First off, my apologies if this post is redundant and many thanks for any advice offered. I'm getting ready for a five-week film intensive offered by the International Film Institute at Sarah Lawrence College in July and am super excited. I'm planning on applying to graduate programs (or maybe I should just go for another undergraduate degree?) in film right after the program and I was wondering if anyone has some suggestions. 

I'm pretty nervous because I have NO formal experience in film (my undergraduate degree is in Religion).

Ideally, I want to write and direct what I write. My writing is very visual in that a good dose of the meaning relies on an image itself, rather than dialogue or conflict. My writing also tends to place a big emphasis on the natural world. I write a lot about family, love, death, and the potential for release. My writing is very much connected to my practices of the heart (i.e. spiritual practice, but wanting to avoid much of what may be associated with spiritual practice).

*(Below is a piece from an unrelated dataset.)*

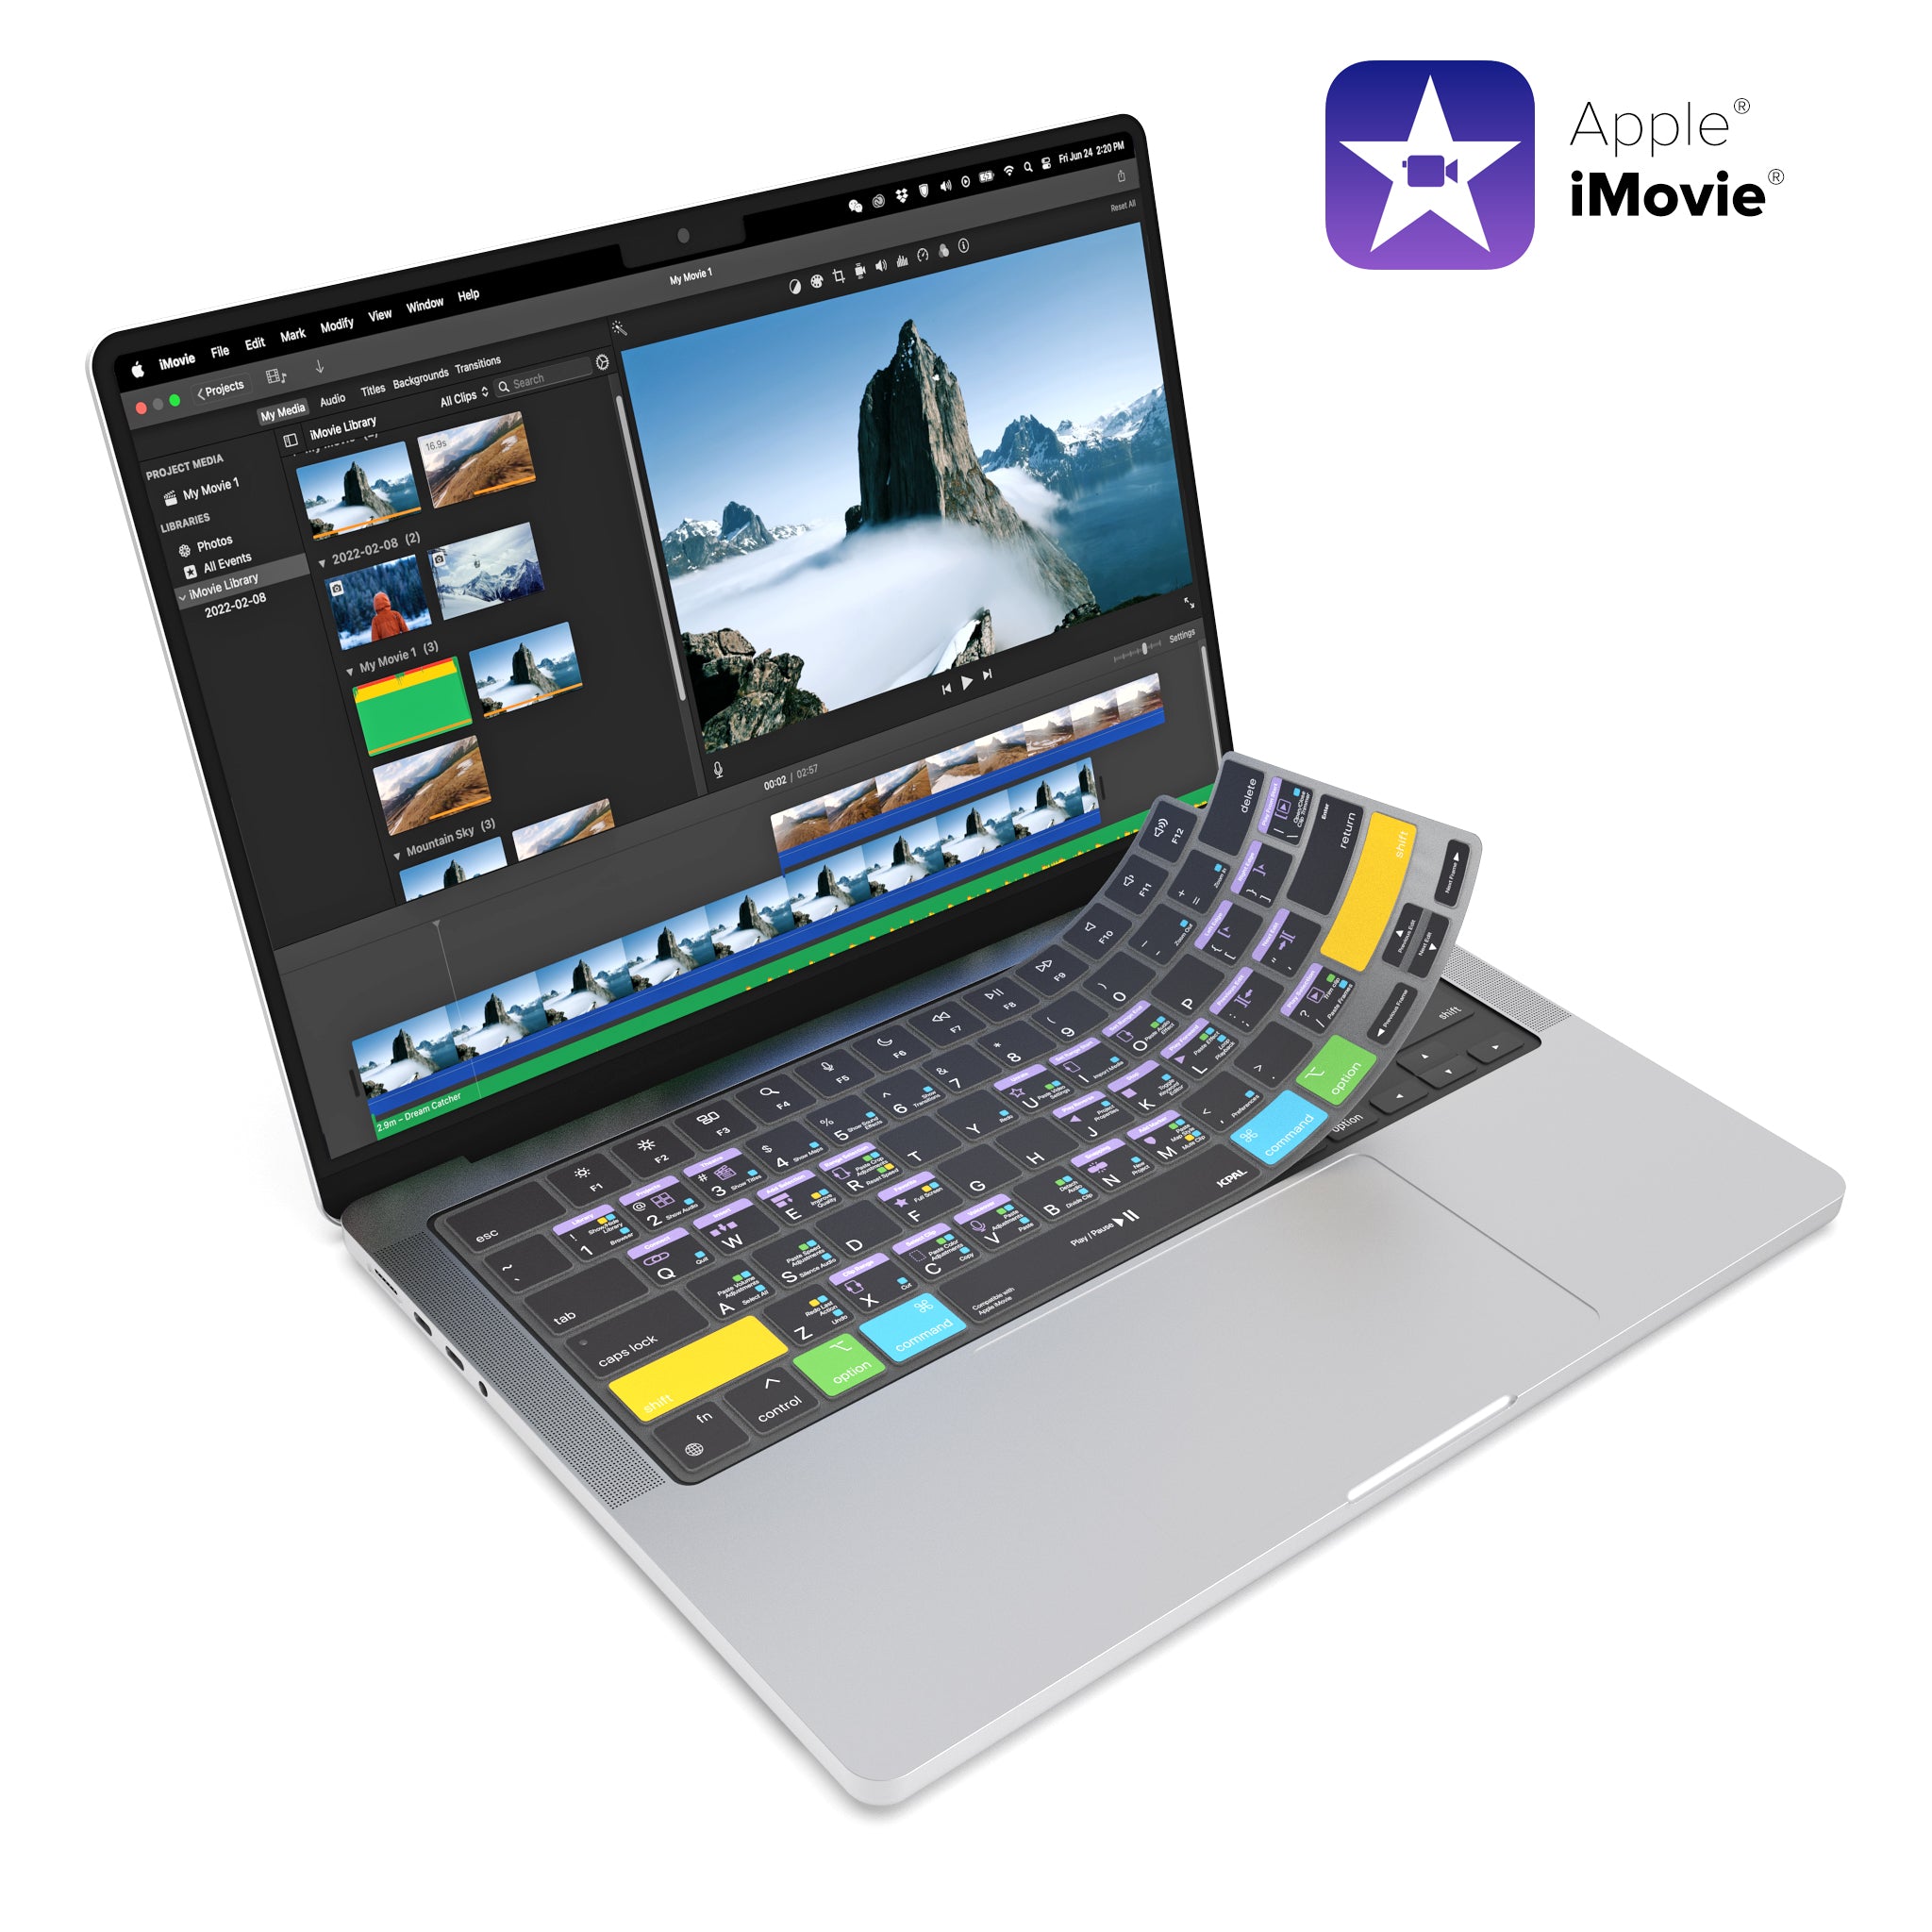 VerSkin   Apple iMovie Shortcut Keyboard Protector

I'd like to enter a program that respects the process of writing as a sacred or natural process, rather than a step-by-step creation according to necessary elements of story (not to say one approach is better than the other). I want to learn how to put on screen the very specific images that arise in my mind (on a good day at least) when I sit to write. I don't know if this sounds strange, but I'm hoping to enter an environment which sees creative expression as an unforced process of discovery. I hope these hopes have some relevance in looking for a school! I live in the east coast of the states, and would prefer to stay here (I'm in love with a lady in the region!), but am definitely willing to go anywhere if that is my only option. 

Any suggestions? Thanks a whole lot! 
Arjuna


----------